İstanbul Susuzluktan Kerbela’ya Dönüşmüştü
İstanbul’un susuzluktan Kerbela’ya döndüğünü belirten Eroğlu, “Sayın Nurettin Sözen 1994 öncesi kendi döneminde yaşanan susuzluğu hem kader olarak değerlendirmesi, hem de yaşanan su kesintisi sanki 1-2 saatten ibaretmiş gibi bahsetmesi trajikomik bir durumdur. O dönem yaşanan susuzluğu aşmak için “Arabanızı yıkamayın, musluğunuzu kapatın gibi bir sürü tedbir aldık.” ifadesi ise olayın ciddiyetinden ne kadar uzak olduğunu, İstanbul’un ilim ve fenle yönetilmediğini alenen ortaya koymaktadır. 1994 öncesi İstanbul’u yönetemeyenler susuzluktan şehri Kerbela’ya çevirmişti. Musluklardan günlerce değil, aylarca su akmadığı için vatandaşlar semtler arası mekik dokuyordu. Kadınlar ellerinde bidon ve kovalarla su tankeri yolu gözlüyordu. Mahalle aralarında benzin satar gibi su satış istasyonları kurulmuş, vatandaşlar su kuyruklarında parayla su almak için bekler olmuştu. Şehirde su turizmi başlamıştı. İstanbulluların en büyük lüksü “15 günde bir suya razıyız ama hangi gün verileceğini bilelim” idi. 1994 yılı öncesinde İstanbul; suyu akmayan, binaların bodrumlarına büyük depoların yapıldığı, mutfak ve banyoları su bidonları ile dolu bir şehir haline gelmişti. İstanbul’da o dönemde yaşanan su sıkıntısı karikatürlere dahi mevzu bahis olmuştu. Suya hasret kalmış İstanbullular isyan bayrağını açmış, her gün Büyükşehir Belediyesi ve İSKİ önünde protesto gösterileri yapıyordu. Belediye şehri yönetemiyordu. İSKİ’nin borcu 1,5 milyar $’dı. Sayın Nurettin Sözen’in, bizim dönemimizde Istranca derelerine inşa ettiğimiz barajları, kendisinin inşa ettiğini söyleyecek kadar ileri gitmesine kendisi dahi inanmamaktadır. Şayet bu barajlar kendi dönemlerinde inşa edilmiş olsaydı İstanbul’da bu derece susuzluk yaşanmazdı. 1994 yılında İSKİ suyunun takriben %65’i elek gibi olmuş şebekelerde kayboluyordu. Sayın Cumhurbaşkanımız 1994 yılında Büyükşehir Belediye Başkanı seçildi ve ben de 5 Mayıs 1994 Cuma günü İSKİ Genel Müdürü olarak vazifeye başladım. Yaptığımız değerlendirmeler neticesinde 1 Ocak 1995 saat 08.59’da su kesintisine son vereceğimizi aziz İstanbullularla ilan ettik. 7 dereden 7 tepeye suyu iletmek için çalışmalara başladık” diye konuştu.
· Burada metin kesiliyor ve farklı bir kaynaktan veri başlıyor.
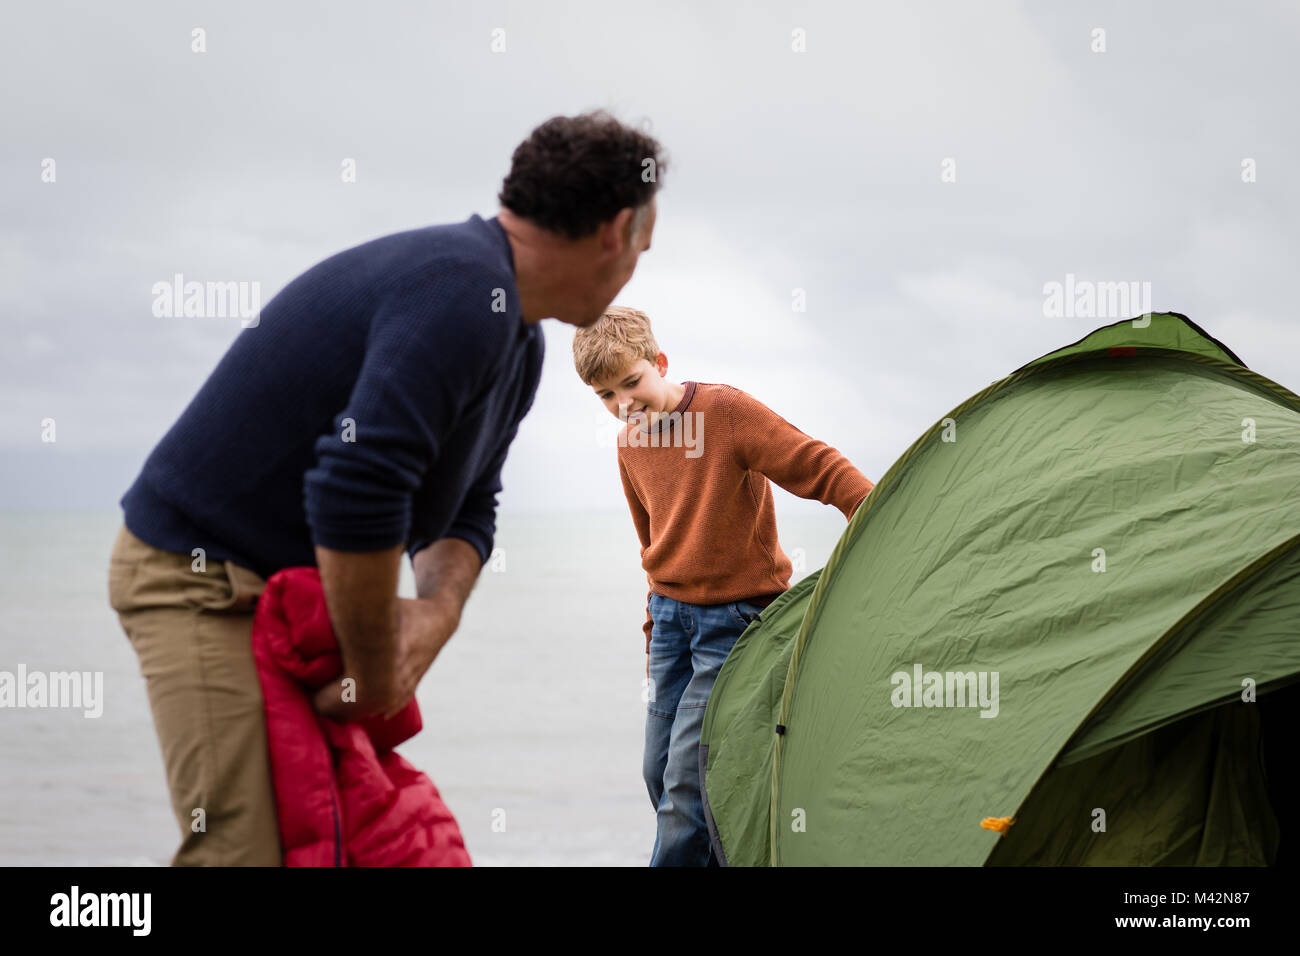 Father and Son putting up a tent together Stock Photo

Kuzuludere Barajının Projeleri Dahi Yoktu
Eroğlu, “Sayın Sözen’in %100’ünü bitirdik dediği, Istranca derelerinin en küçüğü olan Düzdere Barajının temeli atılmış ama sadece dolu savaktan ve 6 km isale hattından başka hiçbir imalatı yapılmamıştı. Biz ta o günlerde bu baraja ileride sahip çıkmak isteyeceklerini düşündüğümüz için Düzdere Barajının temelini 21 Temmuz 1994 tarihinde tekrar attık. İstanbul Valisi Rahmetli Hayri Kozakçıoğlu, Büyükşehir Belediye Başkanı Sayın Recep Tayyip Erdoğan ve ben birlikte temel atmıştık. Çalışmalara hızla başlayarak gece gündüz çalıştık. Barajı önceden belirlendiği gibi 253 günde tamamlayarak 1 Nisan 1995 tarihinde saat 11.00’de Rahmetli Necmettin Erbakan Hocamız, Sayın Recep Tayyip Erdoğan ve ben hizmete aldık. Sayın Sözen’in %90’ını tamamladık dediği Istrancaların ikinci barajı olan Kuzuludere Barajının projeleri bile hazırlanmamıştı. Barajın inşa edileceği alan orman olduğu için Orman Genel Müdürlüğünden irtifak hakkı dahi alınmamıştı. Kuzuludere Barajını da 6 Ağustos 1995 tarihinde hizmete almıştık. Aynı şekilde Sayın Sözen’in röportajında %80’ini tamamladık dediği Büyükdere Barajının da ortada projesi dahi yoktu. O barajı da inşa etmek bize nasip oldu. Biz Sayın Cumhurbaşkanımızın liderliğinde Istraca Dereleri Projesine büyük önem verdik. 1995 yılında Istranca Dereleri Projelerinin 1. Kademesini teşkil eden Düzdere, Kuzulu Dere ve Büyükdere Barajlarını inşa ederek hizmete aldık. 1997 ve 2000 yıllarında ise projenin 2. Kademesini teşkil eden Elmalıdere, Sultanbahçedere, Kazandere ve Papuçdere Barajlarını inşa ederek hizmete aldık. Yani bu barajları biz inşa ettik. Sayın Recep Tayyip Erdoğan’ın liderliğinde İSKİ’nin yürüttüğü çalışmalar ile 7 dere 7 tepeyle buluşturulmuş ve yıllık 235 milyon m3 su şehre getirilmiştir. İSKİ ayrıca 1996 yılında Şile Keson kuyularını ve 1998 yılında da Sazlıdere Barajını hizmete alarak yıllık 85 milyon m3 su daha devreye alındı. 1994 yılından 2019 yılına kadar 25 yılda İstanbul’a muazzam içmesuyu yatırımları yaptık. İSKİ Genel Müdürlüğü olarak 600 adet tesis hizmete aldık” dedi.